# Wiring 1/25 scale dist



## Rusty_S85 (Apr 7, 2018)

I drilled out with the smallest bits I have the spark plugs on my 312 Y8 for my Fireball Roberts race car. I got the sparkplug wires on order (black and brown) but the thing is how does one do the dist? I like to use the kit dist but my drill bit even the smallest one is too large and it doesn't look like I could drill out the towers on the dist to install the wires into.

How do others attach wires to the kit supplied dist?

I watched on youtube and so far the only one I found the guy drills the dist out and glues just a bundle of wires in and don't worry about using the towers. Surely there is an alternative to that.


----------



## Milton Fox Racing (May 27, 2014)

Been awhile since I did 1/25, but I used stripped wire insulation pieces to make boots to slide over the posts and inserted the 'wire' part into the open end. Most of the time the engine block end just got glued to the side as it wasnt visible inside the engine bay.

I am sure there are many different ways (and probably a lot eaiser and better looking) than what I used and I am looking forward to hearing more ideals. :cheers2:


----------



## Rusty_S85 (Apr 7, 2018)

Milton Fox Racing said:


> Been awhile since I did 1/25, but I used stripped wire insulation pieces to make boots to slide over the posts and inserted the 'wire' part into the open end. Most of the time the engine block end just got glued to the side as it wasnt visible inside the engine bay.
> 
> I am sure there are many different ways (and probably a lot eaiser and better looking) than what I used and I am looking forward to hearing more ideals. :cheers2:


Same here. I ordered some brown and black spark plug wire material from Mega Hobby. Only place I found that had the brown.

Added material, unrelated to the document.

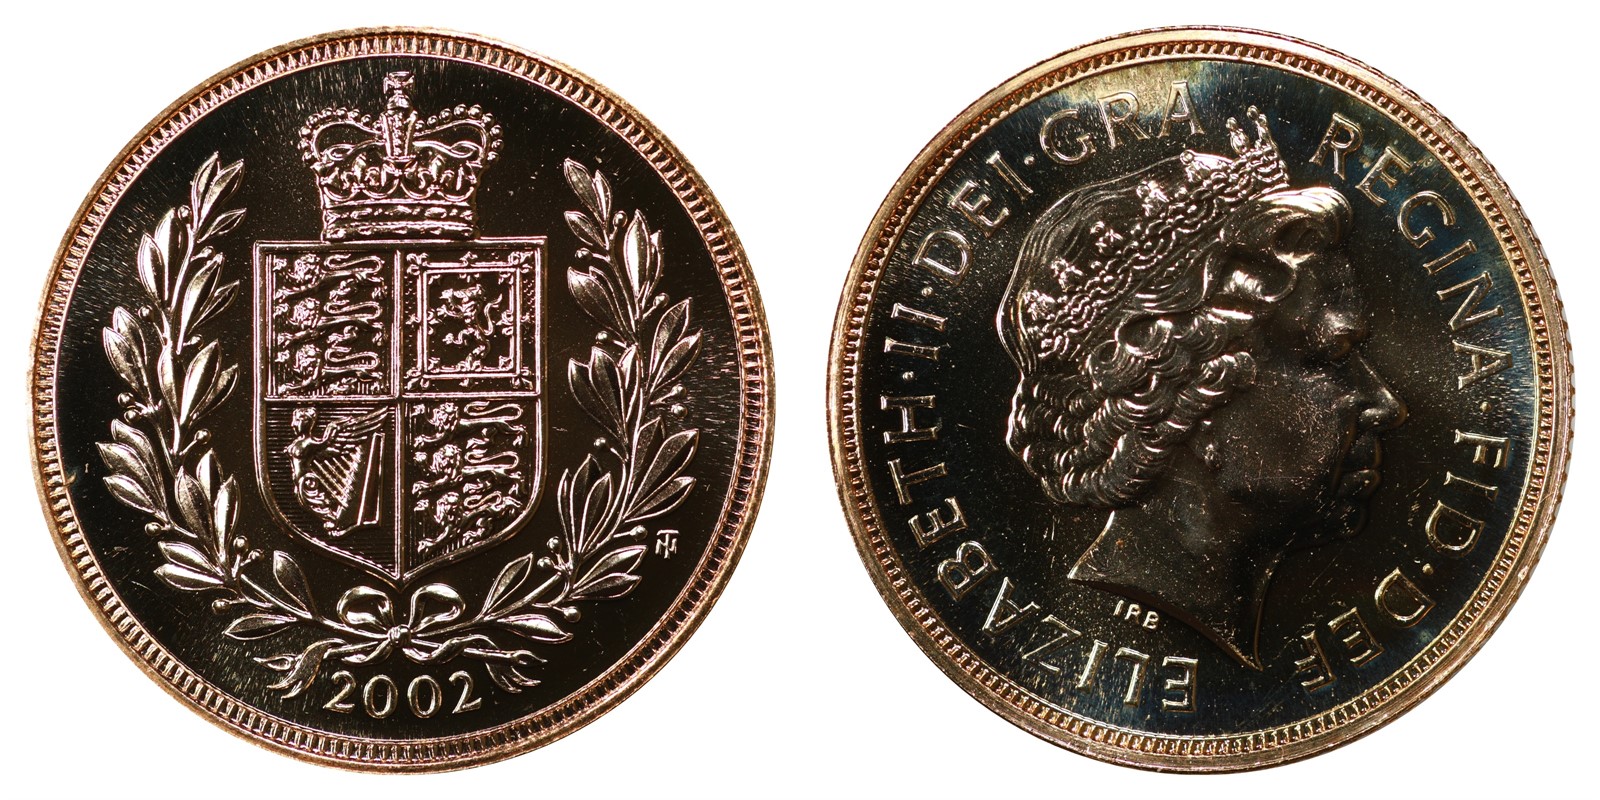 England - Elizabeth II - Sovereign 2002 Golden Jubilee - UNC *

Since this current model is #22 Fireball Roberts car from '57 I want to do the wires the correct way which is brown coil wire and black plug wires. I would love to just say screw it and run an aftermarket dist or a do it yourself dist kit but the dist just looks like its way too fat which would be more of a electronic ignition system like a DSI/DSII/HEI instead of the smaller cap found for Points. I thought of trying to CA glue the boots to the nubs then inserting the wire into the boots securing with CA glue. Just don't know how durable it would be.


----------



## Rusty_S85 (Apr 7, 2018)

Well if someone is looking for a detailed prewired dist, here you go.

Distributor, Pre-Wired, Black Cap 1/25 - Ted's Modeling Marketplace

That wont work for me as the cap is too short which looks more like a DSI or DSII ignition system. Would work great for my '82 F150 build. But wont look right on my '56 and '57 builds.


----------



## Milton Fox Racing (May 27, 2014)

Wow! That is realistic for sure! :thumbsup:


----------



## Rusty_S85 (Apr 7, 2018)

Milton Fox Racing said:


> Wow! That is realistic for sure! :thumbsup:


Yep he even sells HEI style as well.

Just nothing out there so far that I have found that is a points style dist. Closest would be a magneto as its tall and skinny but doesn't look like a regular dist.


----------